As part of our work on a current project, there was a request to investigate some slow running queries in a database.  It is a common practice in the database world to normalize the data to some degree.  Essentially, this is a process to reduce duplication by spreading data across multiple tables.  For example:

Customer

ID Last_Name First_Name Street_Address City
1 Smith Bob 123 Main St. Toronto
2 Smith Jane 123 Main St. Toronto
3 Smith Peter 123 Main St. Toronto

The above table could instead be normalized into two tables, Customer and Address:

Customer

ID Last_Name First_Name Address_ID
1 Smith Bob 1
2 Smith Jane 1
3 Smith Peter 1

Address

ID Street _Address City
1 123 Main St. Toronto

This has some definite advantages, such as:

  • Saves a lot of space in the database
  • Can help with data integrity
    • Reduced risk of inconsistencies such as Bob Smith being 123 Main St. and Jane Smith being 123 Main Street
  • For some queries it can even improve performance
    • Searching for Customers with Address_ID = 1 is faster than the String compare that would be required for Street_Adress =  ‘123 Main St.’

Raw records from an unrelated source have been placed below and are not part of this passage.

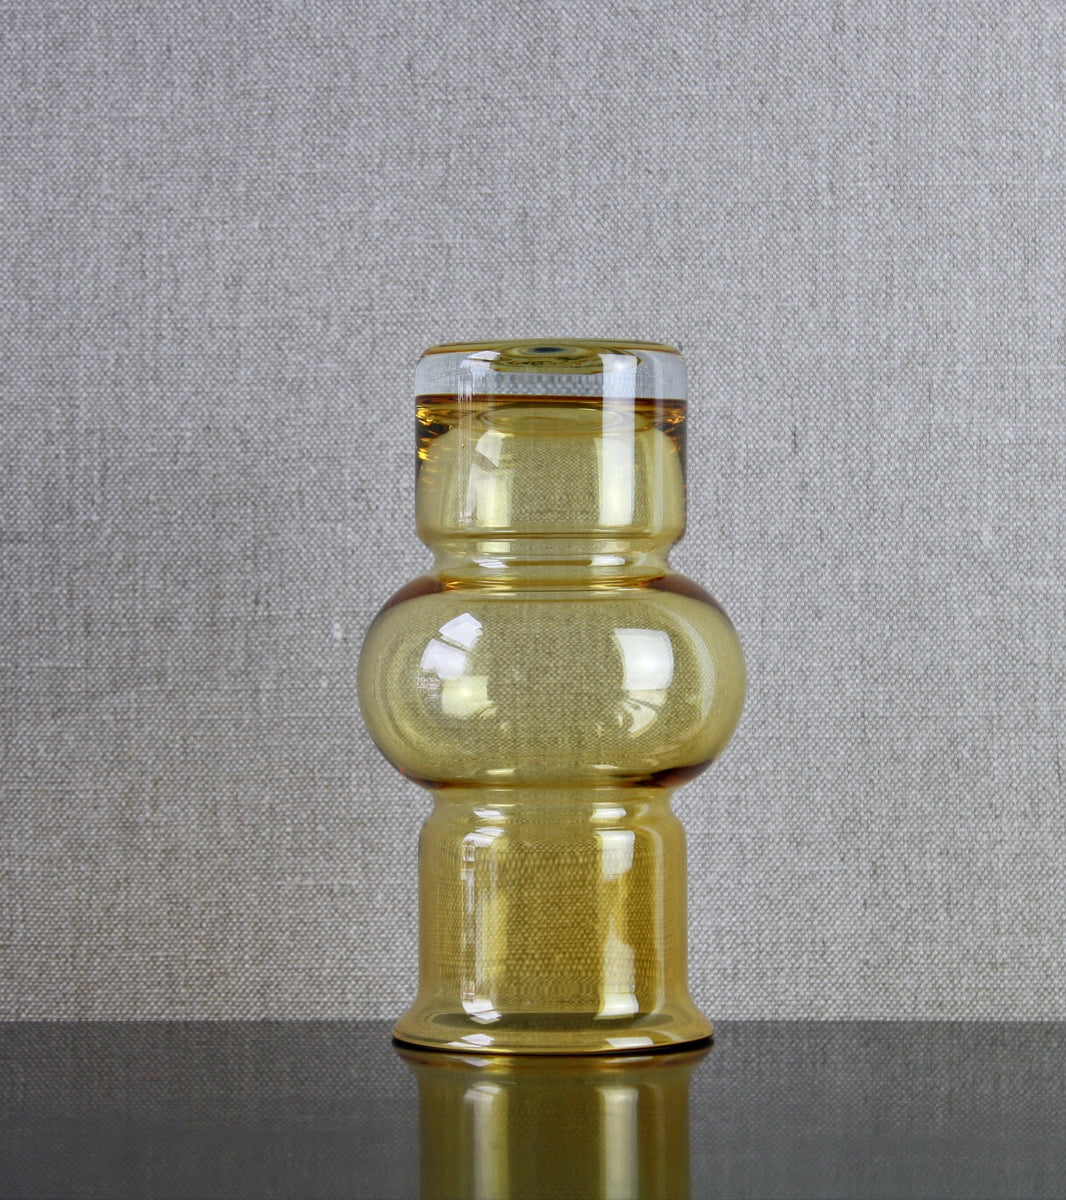 Riihimäki Model 1520 "Tuulikki" (Little Wind) Vase in Yellow
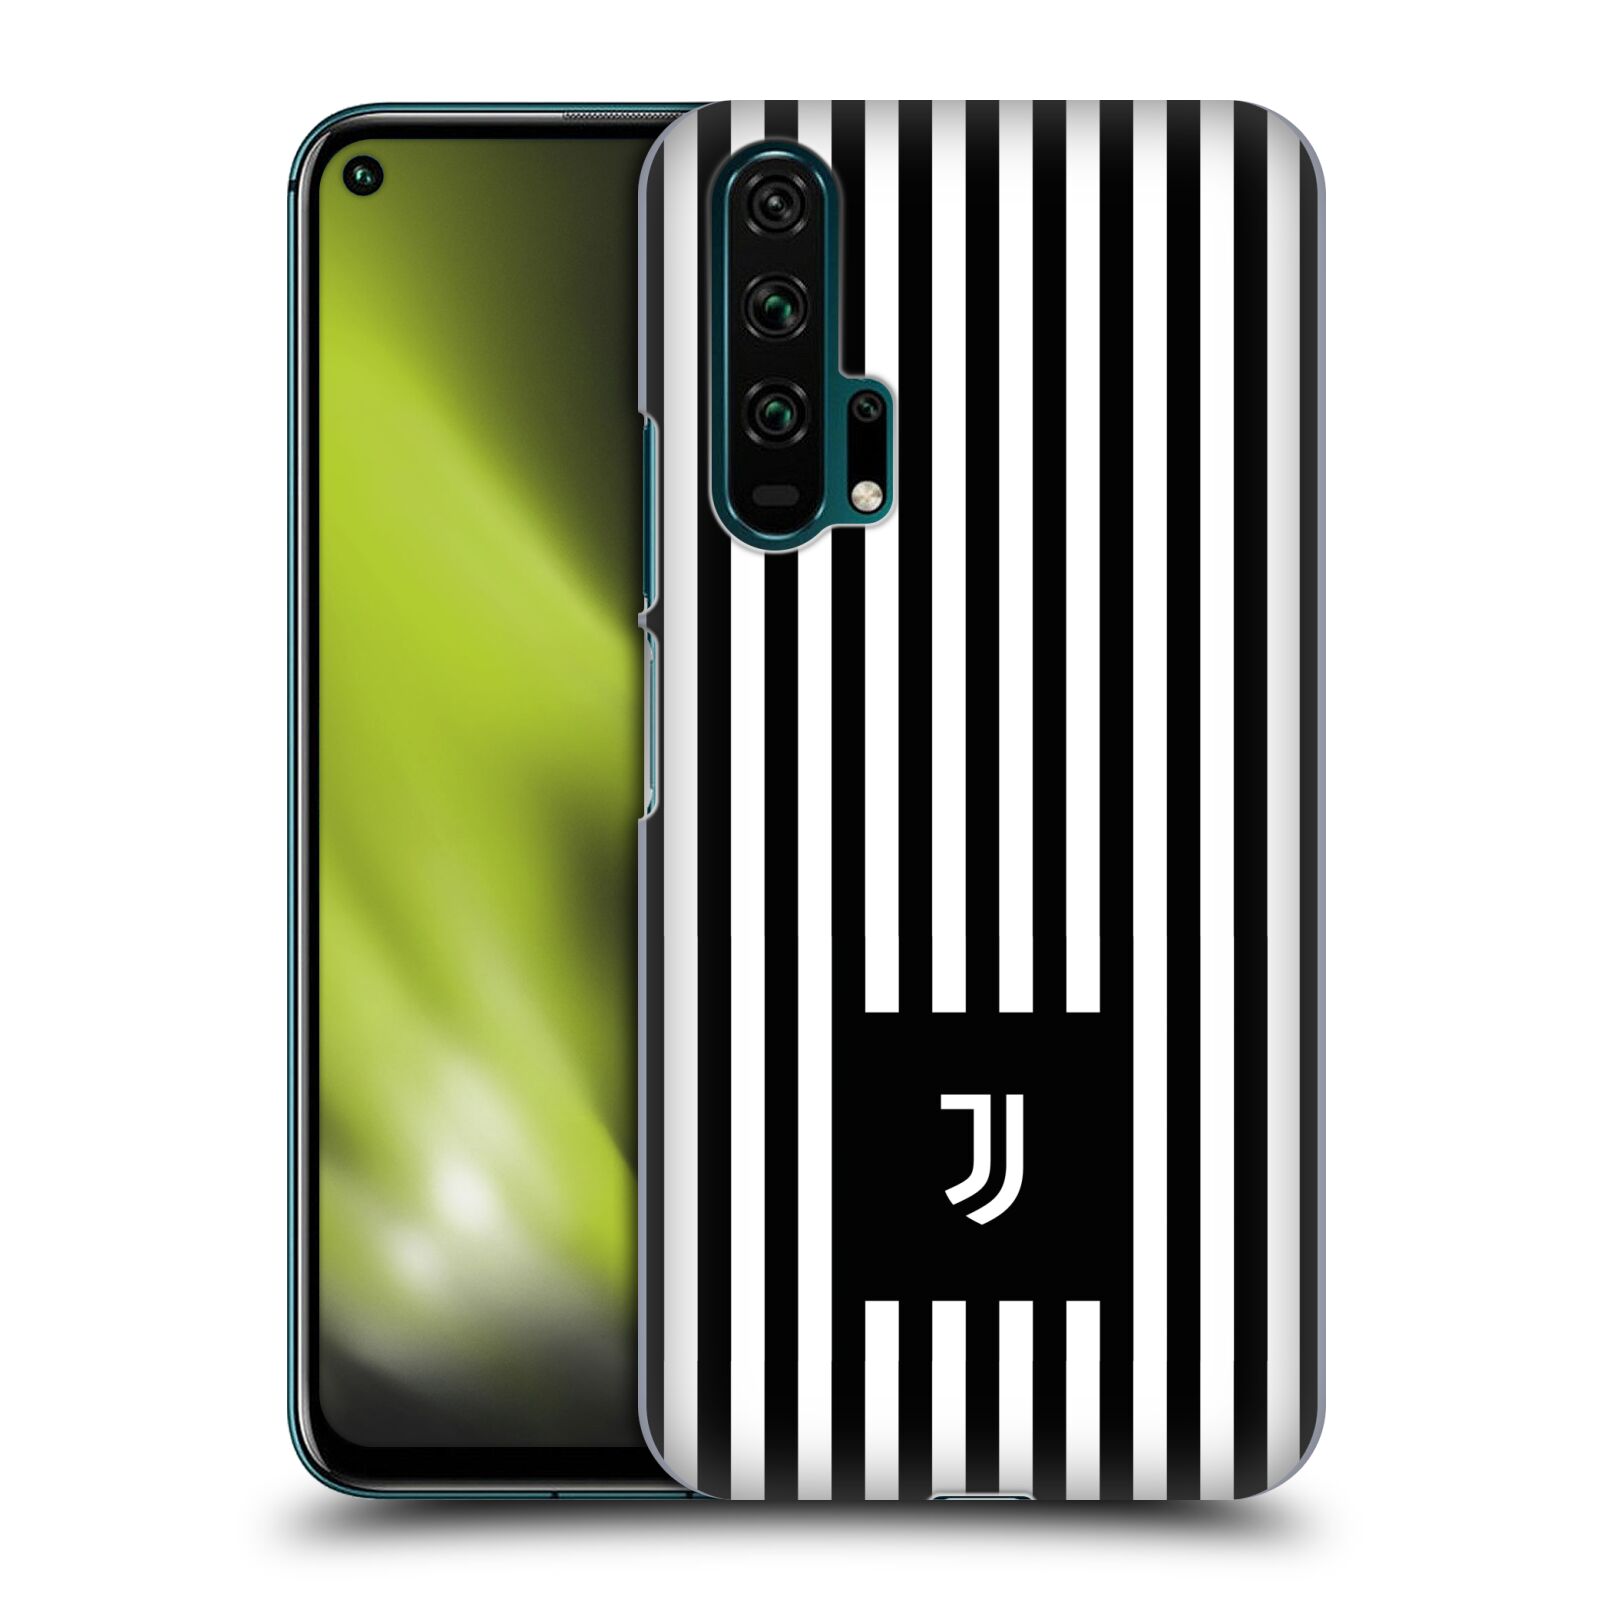 Pouzdro na mobil Honor 20 PRO - HEAD CASE - Fotbalový klub Juventus FC černobílé pruhy znak
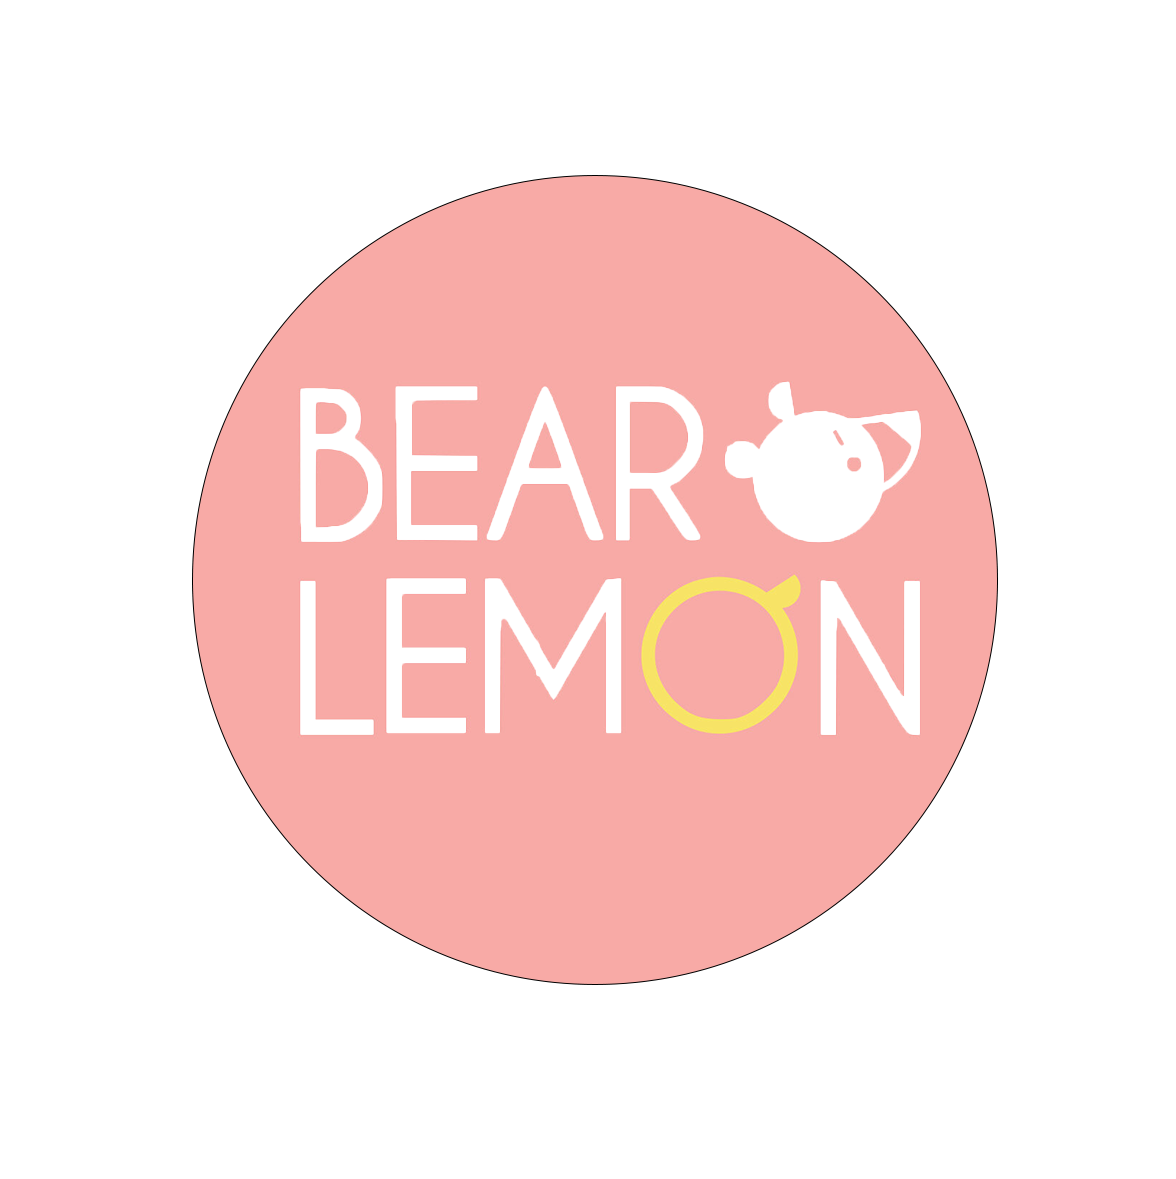 Bear Lemon Cafe, photo content
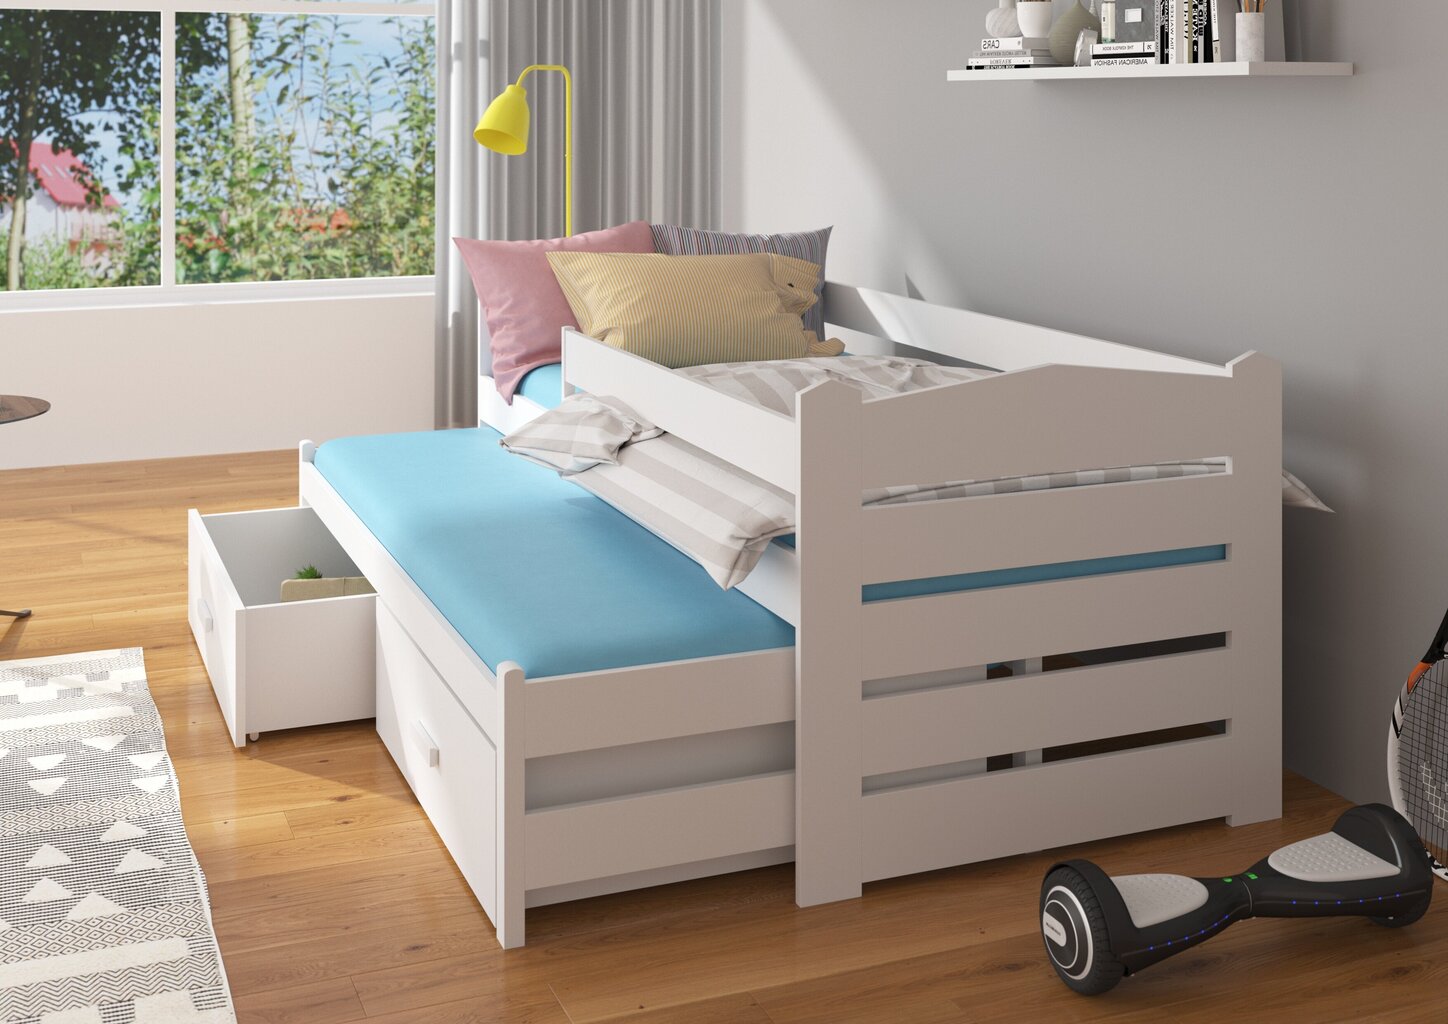 Bērnu gulta Adrk Furniture Tiarro 90x200 cm ar sānu aizsardzību, balta/gaiši brūna cena un informācija | Bērnu gultas | 220.lv

The most notable disadvantage however, is that for the majority of read queries, performance tends to take a small hit (since the query will have to JOIN the two tables together).  In heavily normalized databases the performance impact can become excessive.

In the database we were investigating, the data is nearly maximally normalized which leads to very poor performance for certain operations; one extreme example being report generation (a process frequently impacted by data normalization).

For databases that follow this extensive normalization model, it is critical to look for opportunities to optimize performance.  One interesting optimization technique is that of an Indexed View (in other databases these are often referred to as a Materialized Views).

Automatic Optimization

While working to improve the performance of a particular query (for generating a specific report – “Report A”), a very interesting discovery was made.  The query began by joining a pair of tables into a single temporary table, and then accessing that table numerous times.  The decision was made to remove the temporary table and replace it with an Indexed View to improve performance.  As expected, there was a small improvement (about 5%).

The interesting part is that other report queries were suddenly also more performant!

Query

Original SQL Duration

New SQL Duration

Improvement

Report B

62.33 sec.

51.73 sec.

17.01 %

Report C

19.20 sec.

10.11 sec.

47.34 %

Report D

30.94 sec.

12.48 sec.

59.66 %

Apparently, SQL Server is intelligent enough to detect when any query would benefit from using an existing Indexed View, and will use it automatically.  According to Microsoft Technet (https://technet.microsoft.com/en-us/library/ms181151(v=sql.105).aspx):

A query does not have to explicitly reference an indexed view in the FROM clause for the query optimizer to use the indexed view. If the query contains references to columns in the base tables that are also present in the indexed view, and the query optimizer estimates that using the indexed view provides the lowest cost access mechanism, the query optimizer chooses the indexed view, similar to the way it chooses base table indexes when they are not directly referenced in a query.

Even if the Indexed View contains additional columns, if the SQL Server optimizer determines that using the Indexed View will give better performance, it will use it.

As a final note, there will be times when the SQL Server optimizer makes a poor choice (such as using an Indexed View that it shouldn’t use).  In these instances, it will be important for developers (or DBA’s) to forcibly override the optimizer’s decisions.  This can be done with the EXPAND VIEWS query hint (to prevent an Indexed View from being used).  As with other potential optimizations (such as creating column indexes), it is never a black or white decision.  In the case of indexed views, performance of read operations will generally improve as there are fewer joins on the database.  The downside is that write operations become more expensive as the data needs to be updated in both the initial table as well as the indexed view.  So developers should always take time to run analysis (using a query analyzer / plan optimizer) on the schema with representative data to help determine if an indexed view (or any other potential optimization) makes sense for their particular scenario.